## YOUR ASSIGNMENT
Could you give the data that follows again exactly, without its pictures?

## DATA SEGMENT
· · · ·
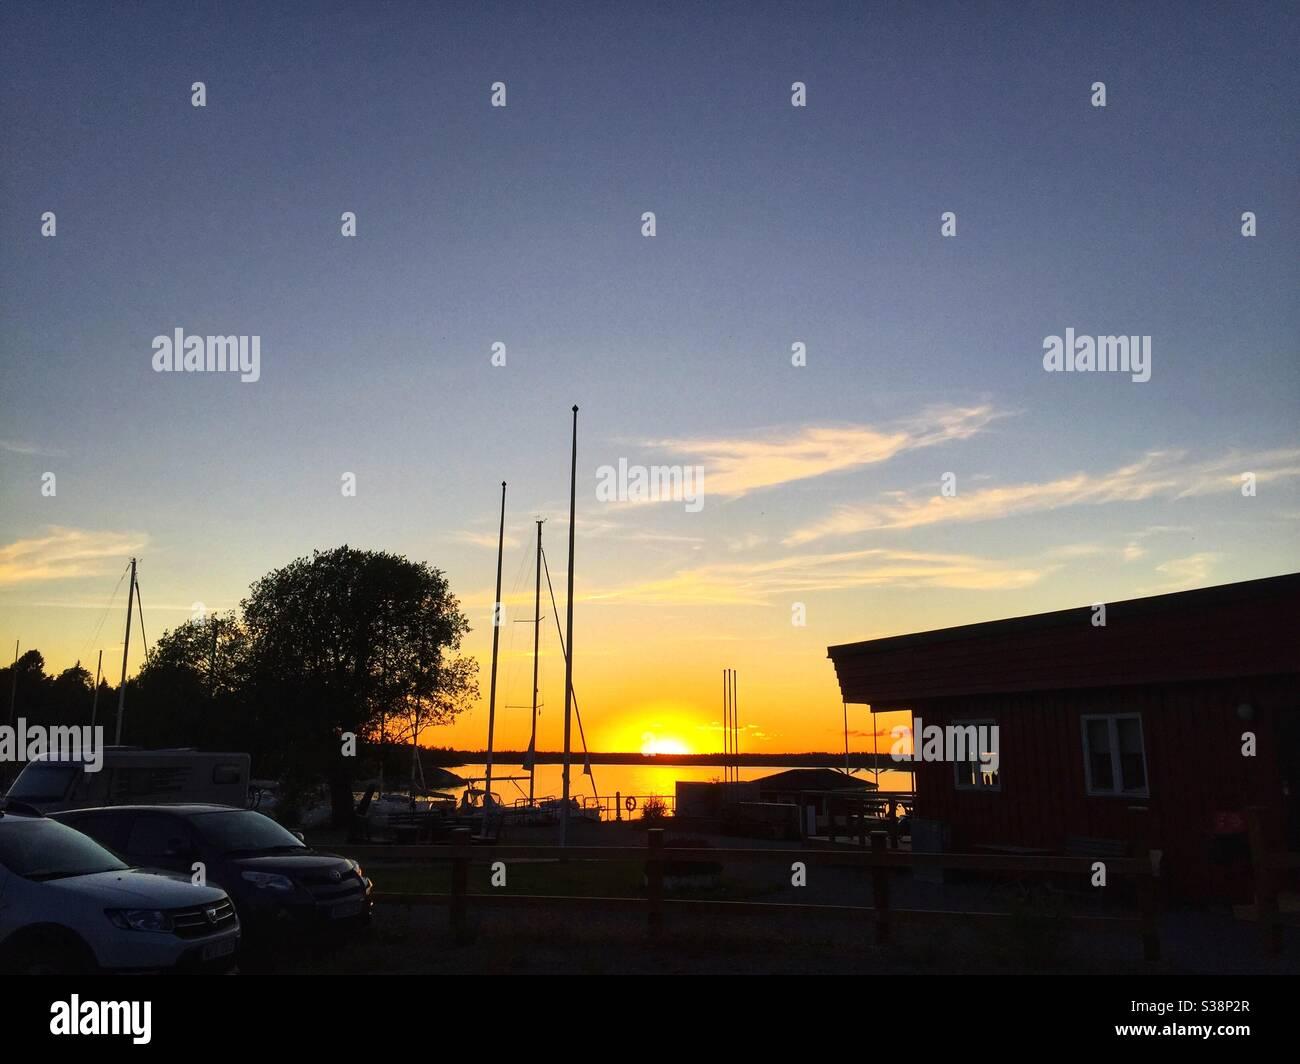 Coucher de soleil sur le port de Gräddö, Norrtälje, Suède. Banque D'Images
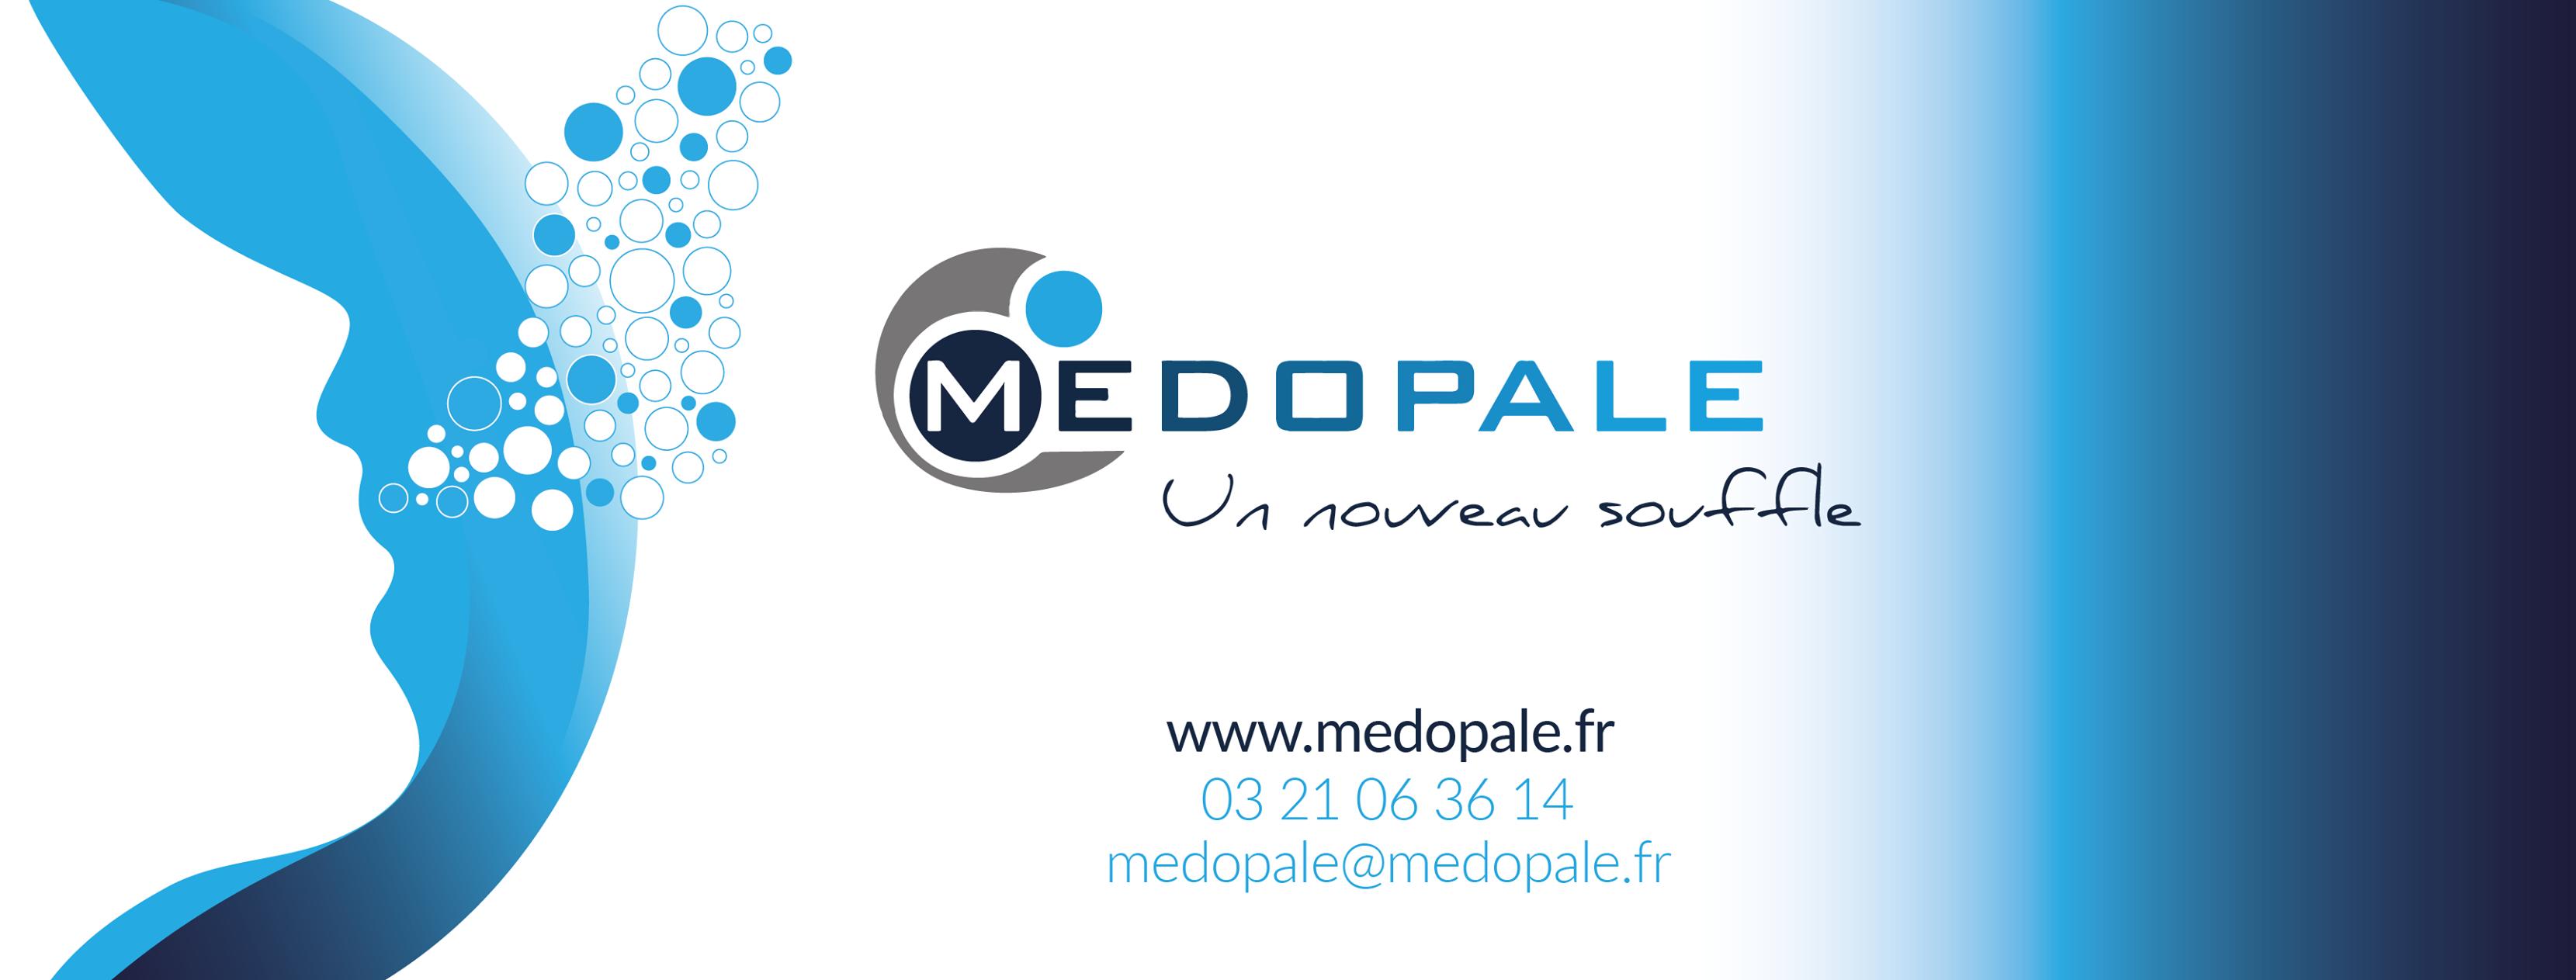 MEDOPALE
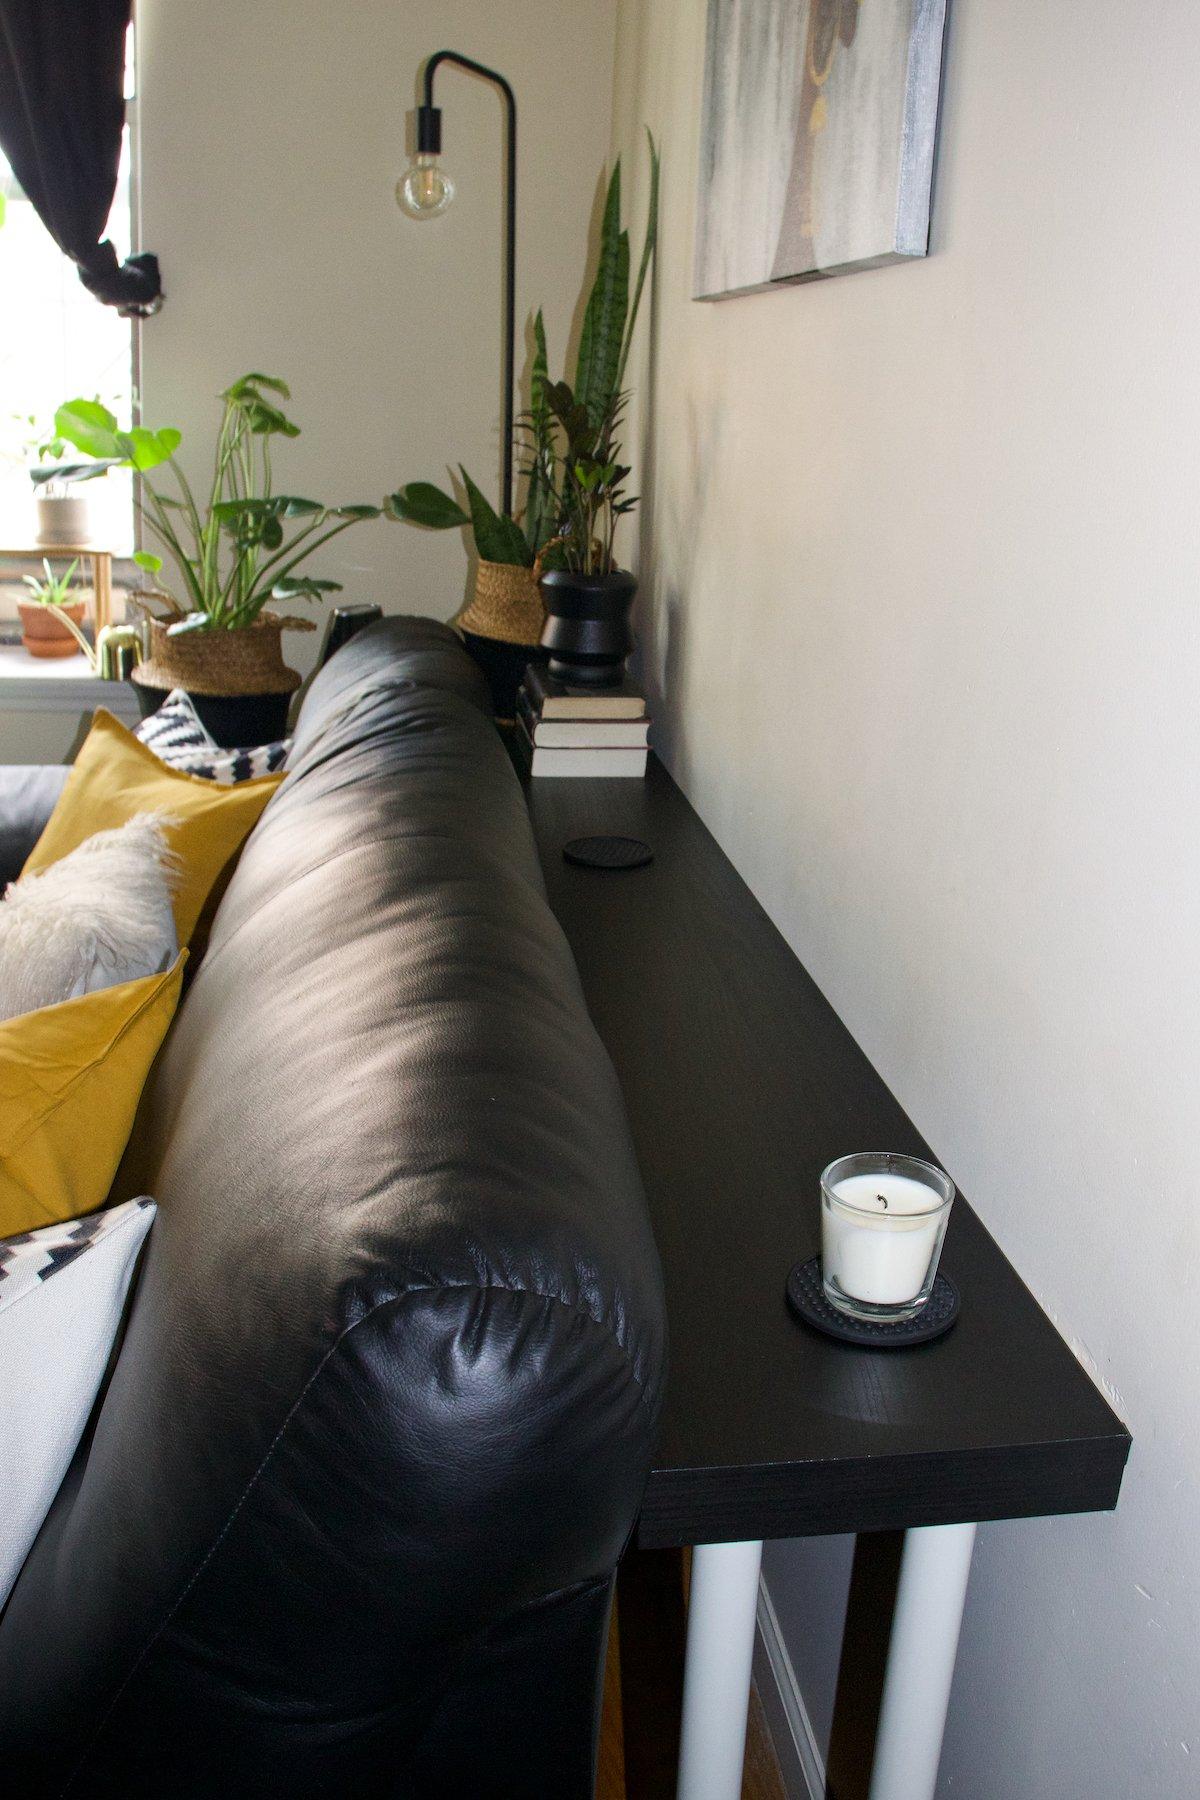 Ikea Lack Shelf Sofa Table
· · · ·
## ANSWER SECTION
 Coucher de soleil sur le port de Gräddö, Norrtälje, Suède. Banque D'Images
 MEDOPALE
 Ikea Lack Shelf Sofa Table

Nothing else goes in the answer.